HBO’s first epic fantasy series, based on George R.R. Martin’s novel “A Game of Thrones,” maintains the same quality of storytelling and filmmaking as the cable network’s past properties, historical dramas “Deadwood” and “Rome.” Though the first season DVD won’t appeal to the majority on HTF, the strength of the presentation (standard definition though it may be) and collection of extras make it a worthwhile gift for our less HD-inclined friends and family members.



Game of Thrones: The Complete First Season

Release Date: March 6, 2012

Studio: HBO Home Entertainment

Year: 2011

Rating: TV-MA

Running Time: 9:20:53

MSRP: $59.99

 

THE FEATURE

SPECIAL FEATURES

Video

1.78:1 standard definition, 16:9 enhanced

Standard definition

Audio

Dolby Digital: English 5.1, French 5.1, Spanish 2.0

Stereo

Subtitles

English, French, Spanish, Portuguese, Chinese, Korean, Thai

None


The Season: 4.5/5

For decades, Lord Eddard “Ned” Stark (Sean Bean) has ruled over the northern region of Westeros in service to his king, Robert Baratheon (Mark Addy). When the King’s Hand, Baratheon’s closest advisor and the Seven Kingdoms’ practical governor, suddenly falls ill and dies, Stark is asked to take his place. While no doubt a position of high honor, Stark and his family have heretofore been left alone in the harsh wilderness of the North, giving them a measure of freedom, if not autonomy. Moving to the capital in the South puts Stark in the heart of the kingdom’s political scheming, intrigue and backstabbing, as well as under the contemptuous eye of Baratheon’s wife, Queen Cersei (Lena Headey), and her twin brother, Jaime Lannister (Nikolaj Coster-Waldau). The proposed marriage of Stark’s impressionable daughter Sansa (Sophie Turner) to Baratheon’s psychotic son Joffrey (Jack Gleeson) promises to further bind the families together, a prospect Stark looks at with diminishing enthusiasm the longer he stays on.

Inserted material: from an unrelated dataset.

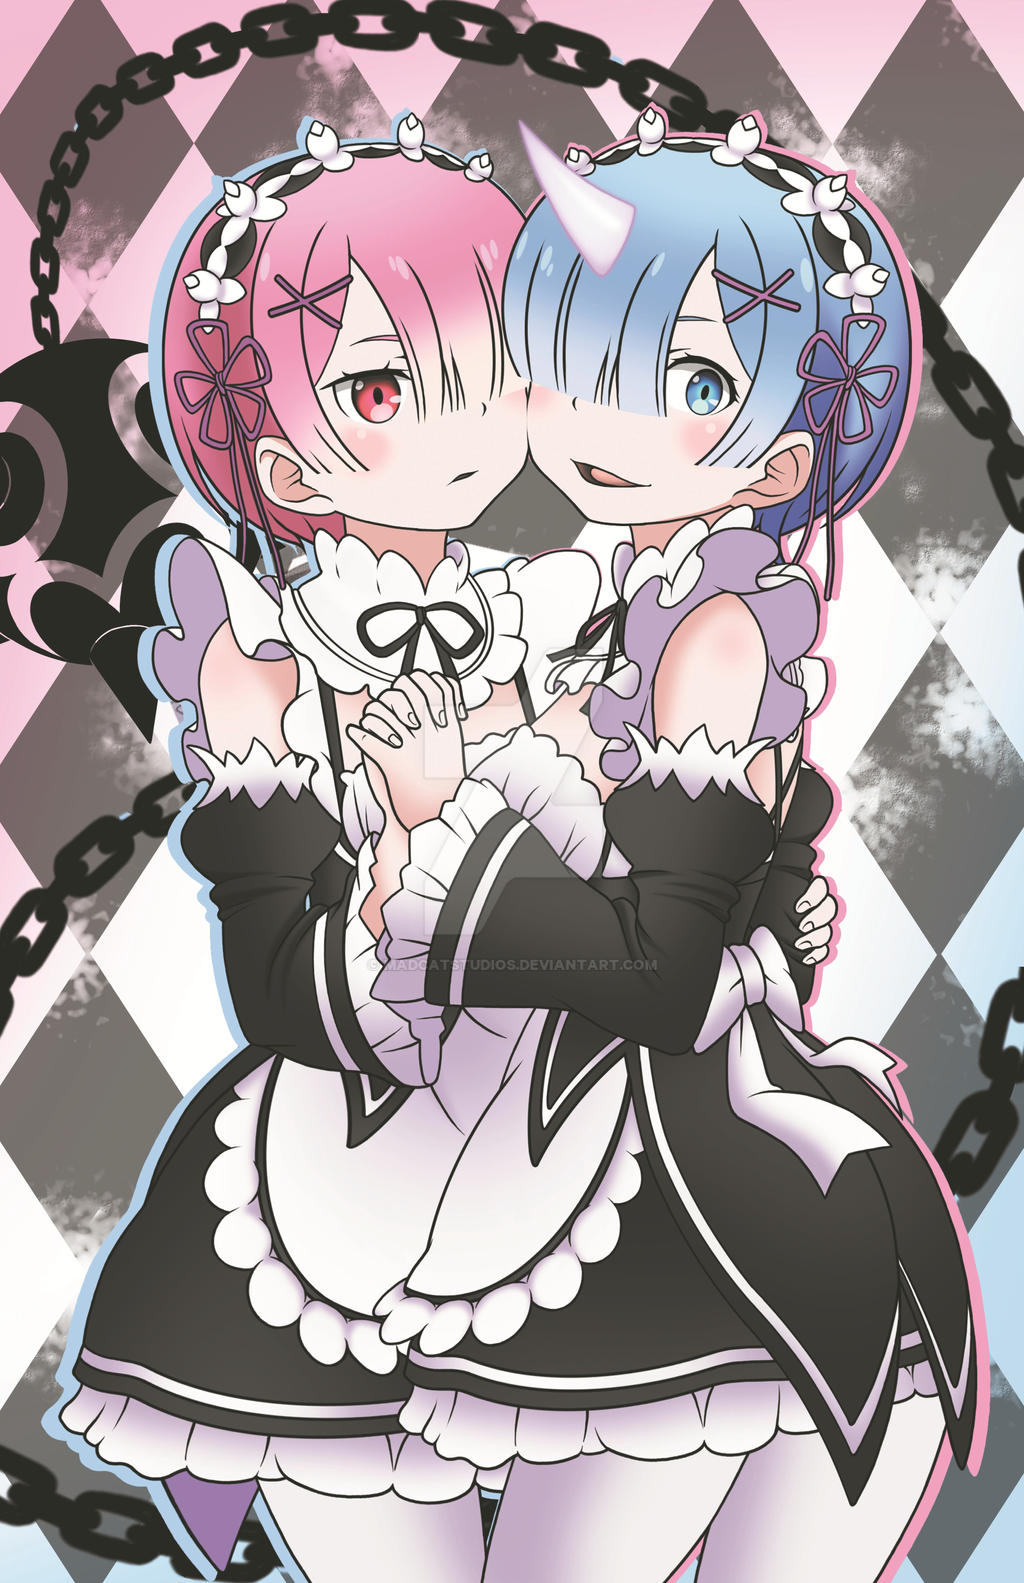 Ram and Rem - Re:Zero by OneWhoWatchesFires on DeviantArt

Back in the North, Stark’s wife, Catelyn (Michelle Fairley) and eldest son Robb (Richard Madden) carry on the governance of Winterfell and its lands, and strive against another member of the Lannister family, the dwarf Tyrion (Peter Dinklage), brother to the Queen. Though the man known as “The Imp” has shown a notable kindness to one of the Stark children after a life-threatening incident, the Lady believes Tyrion responsible for the injury, and intends to have justice. Meanwhile, Stark’s bastard son Jon (Kit Harington) has joined up with the Night’s Watch, a special army tasked to defend the northernmost region from encroachment by less civilized “wildlings.” The barbaric people live outside of a massive retaining wall built of ice and rock, but reports of other beings thought long extinct have Northerners trembling from more than just the cold.


In warmer climes, across the narrow sea in Erros, the son of the deposed king Aerys Targaryen schemes to take back the throne of the Seven Kingdoms. Arranging the marriage between his sister, Daenerys (Emilia Clarke) and Khal Drogo (Jason Momoa), leader of a fierce warrior tribe named the Dothraki, Viserys Targaryen (Harry Lloyd) envisions marching into the Seven Kingdoms’ capital with a Dothraki army at his command. But his once subservient sister turns out to be no mere bride to the Khal, instead embracing her new life and becoming a full blown khaleesi, or queen, to her people. The Targaryens may indeed take back rule of the Seven Kingdoms, but not in the way Viserys – nor the people of Westeros  – ever imagined.


Based on the first novel in George R.R. Martin’s “A Song of Ice and Fire” series, “Game of Thrones” is another feather in HBO’s TV-producing cap, diversifying the network’s already impressive stable of historical and family dramas with its first epic fantasy. The casting of Bean as the show’s honorable protagonist is an obvious “get” given his past role as Boromir in the “The Lord of the Rings,” but the involvement of seasoned British character actors, some impressive newcomers like Merchant, and consistent talents like Dinklage and Headey give the show the legs it needs to make Martin’s dense narrative convincing (unfortunately I can’t help thinking of plastic wrap every time I see Addy’s King Robert). High production values in the cinematography, production design and costuming also give the show a cinematic credibility normally lacking in TV fare. The lingering question is whether such an endeavor is sustainable, as the series wouldn’t be the first HBO property to meet an untimely end due to rising production costs (as it was for “Deadwood” and “Rome”). So far the show’s critical and commercial success has granted it a second season (which starts on April 1st), but as time goes on I can only imagine it will become more difficult to keep pace with costs, not to mention the ever-complicated tale Martin has woven across his novels.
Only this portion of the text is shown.